# How 1 bag of pellets compares to oil and propane and pellet stove clothes line??



## Don2222 (Dec 2, 2010)

Hello

Here is a great comparison of fuels!
http://www.stovekeeper.com/pages/fueland.htm

What is a wood pellet?

  A wood pellet is made from waste sawdust, compressed under extremely high pressure using no glue or other additives.  The wood waste we use comes from furniture manufacturers, sawmills, planer mills, and general wood working. The pellets come in 40 lb. bags that are clean, easy to handle, and readily available. One ton of pellets has the heat value of about 1 1/2 cords of wood and stacks in 1/3 the space. One ton of wood pellet fuel has the same heat value as 125 gallons of heating oil.

One bag of pellets equals 2.5 gallons oil equals 3.75 gallons propane

Wood pellets are a clean, environmentally friendly, natural, renewable fuel resource.

----------------------------------------------------------------------------------------------------
So in my area.
1 bag of pellets is $4.18
2.5 gallons of oil is $2.85 x 2.5 = $7.13
3.75 gallons of propane is $2.79 x 3.75 = $10.46

The amount of fun, comfort and warmth generated from 1 bag of pellets -- priceless -- LOL

P.S. My wife set out some clothes to dry in the basement. Because they were near the pellet stove they dried very quickly she said!

Does anyone have a Pellet Stove Clothes Line ??????


----------



## smoke show (Dec 2, 2010)

Don2222 said:
			
		

> Hello
> 
> Does anyone have a Pellet Stove Clothes Line ??????



yes, sorta.
a couple racks the wife hangs clothes on.
she calls it her redneck clothesline.
of course its in the living room(when in use).


----------



## Czech (Dec 2, 2010)

Actually two clothes lines stretch across the basement where the stove is, adds humidity too!


----------



## SmokeyTheBear (Dec 2, 2010)

Don you do understand that the description of what a wood pellet is isn't correct don't you?

The wood used isn't always waste sawdust.

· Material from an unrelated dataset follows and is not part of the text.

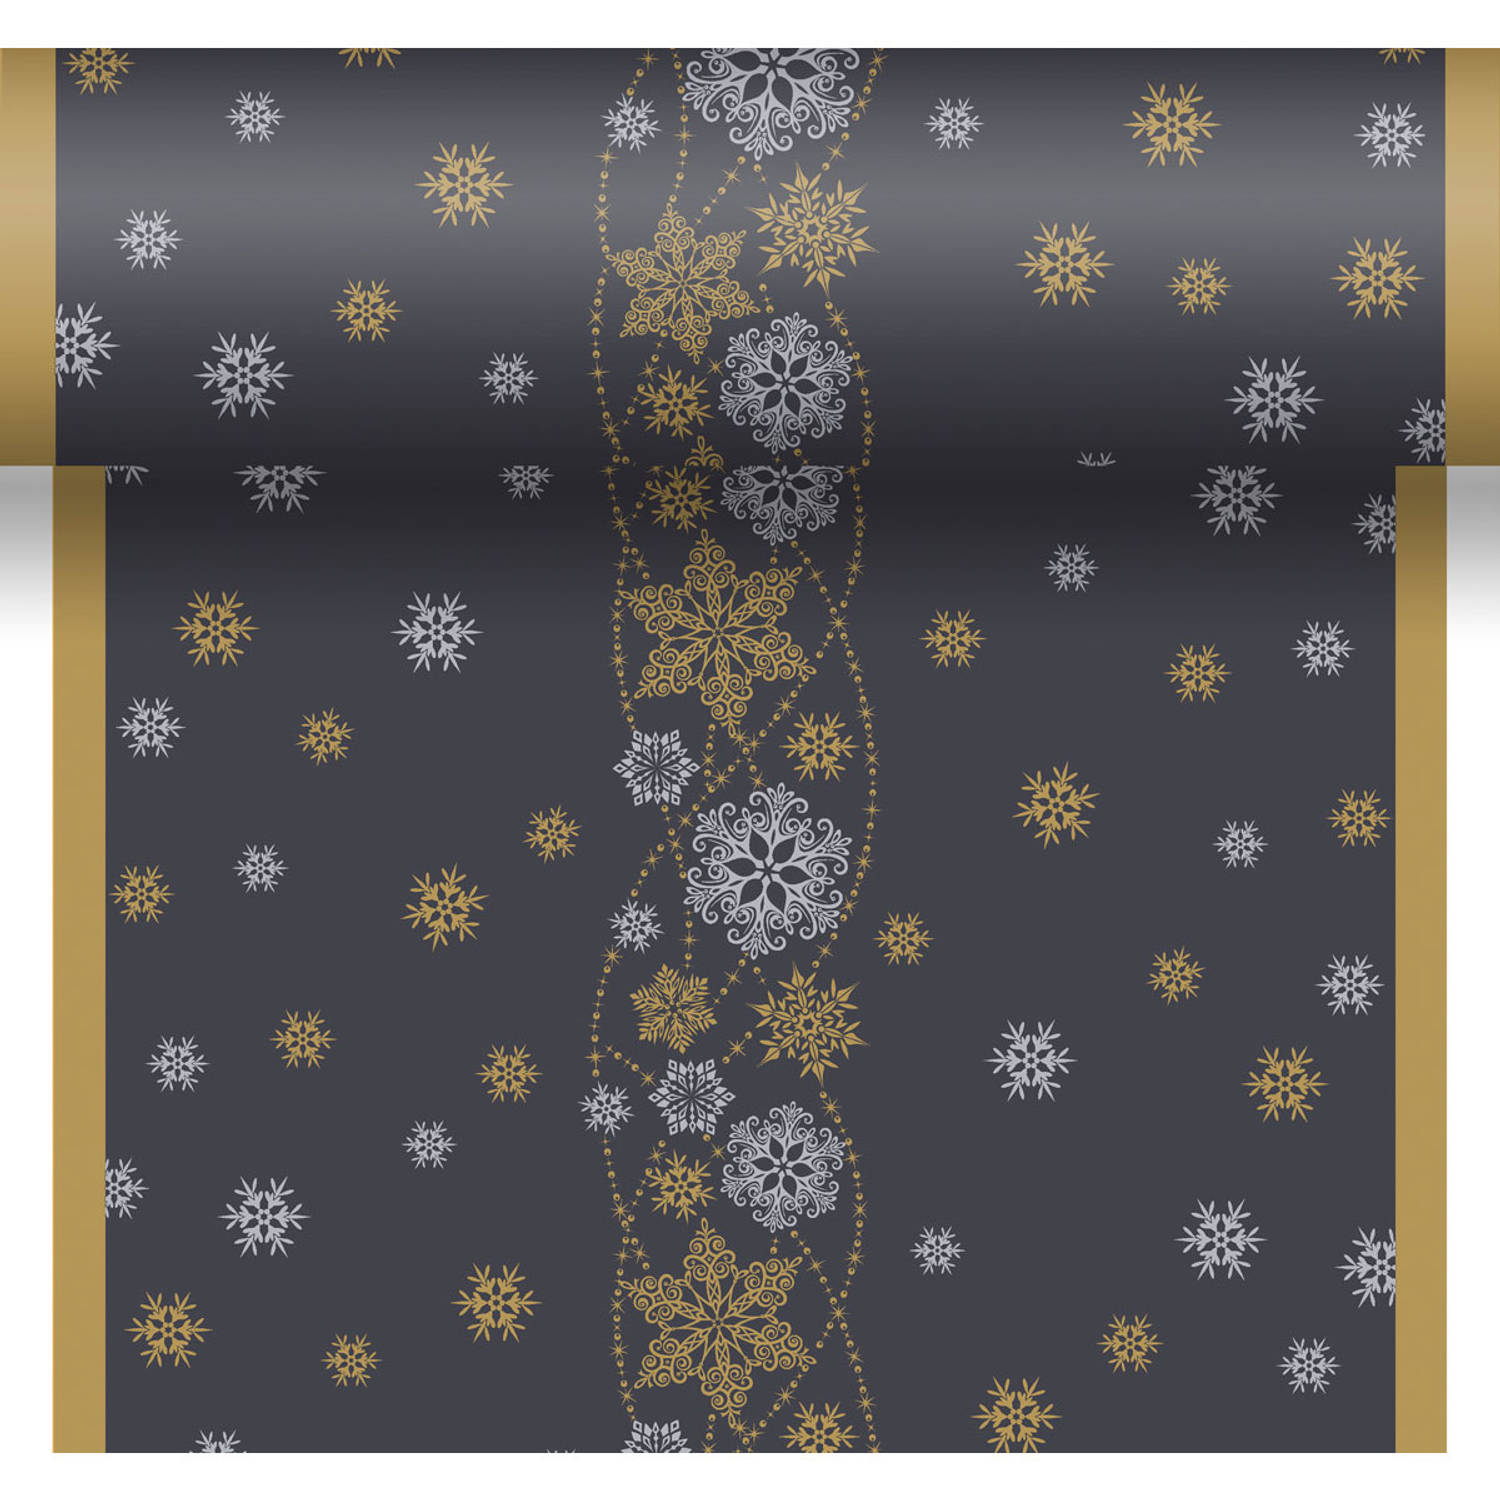 Kerst thema tafellopers/placemats zwart met glitter sneeuwvlokken 40 x 480 cm - Kerstdiner tafeldecoratie versieringen

We have a large drying rack that gets used at times.


----------



## Topshelf (Dec 2, 2010)

I noticed they didnt have corn as a comparison to pellets.

Wood pellets – 10% moisture 40-50 lb/cu ft 16,000,000 Btu/ton
Corn – shelled 7,800-8,500 Btu/lb 15-17,000,000 Btu/ton
Propane 2,500 Btu/cu ft 92,500 Btu/gal
Natural Gas 1,030 Btu/cu ft 100,000 Btu/therm
Fuel Oil 
Kerosene 135,000 Btu/gal 
#2 138,500 Btu/gal 
#4 145,000 Btu/gal 
#6 153,000 Btu/gal
Gasoline 125,000 Btu/gal


1 bushel of shelled corn =  5.0 gallons of LP gas   _*For me this says it all. *_ 
                                       =  3.5 gallons of fuel oil 

                                       =  140 kilowatt hours of electricity 


                                       =  4.75 C.C.F. of natural gas 



My wife sets up the kids boots and gloves to dry in front of the stove in the winter


----------



## Topshelf (Dec 2, 2010)

yeah your right, I'm guessing they are comparing 10% moisture corn to the same in pellets?


----------



## katwillny (Dec 2, 2010)

Yes we do have a clothes line adjacent to the stove. My daughter uses the hot air coming out of if to somewhat dry her hair when she comes out of the shower. Don't ask, she says it gives her hair body. whatever that means.


----------



## daydreamer (Dec 2, 2010)

We have a rack in the dining room that we hang our wet clothes on. That's where the pellet stove is.


----------



## ct_administrator (Dec 2, 2010)

Ive got a drying rack this year that is used infrequently,  but I'm happy I got one.


----------



## Xena (Dec 2, 2010)

Yep, in winter I put clothes on a rack in front of the stove all the time.
Also dry my hair in front of the blower too.  Works a treat in both cases!


----------



## little_hawk_59 (Dec 2, 2010)

yes we have big wooden rack that you hang cloths on you can find them in alot of mail order books, of just ask the local amish were they get there drying racks


----------



## Augmister (Dec 2, 2010)

smoke show said:
			
		

> Don2222 said:
> 
> 
> 
> ...



Not alone!   We have three wooden racks that set up for our "Chinese Laundry" in our living room.   Beats the electricity for the clothes drier and adds precious moisture inside the house...  Go Greeen, Go Chinese Pellet Stove Laundry!


----------



## Gweeper64 (Dec 2, 2010)

KatWill said:
			
		

> Yes we do have a clothes line adjacent to the stove. My daughter uses the hot air coming out of if to somewhat dry her hair when she comes out of the shower. Don't ask, she says it gives her hair body. whatever that means.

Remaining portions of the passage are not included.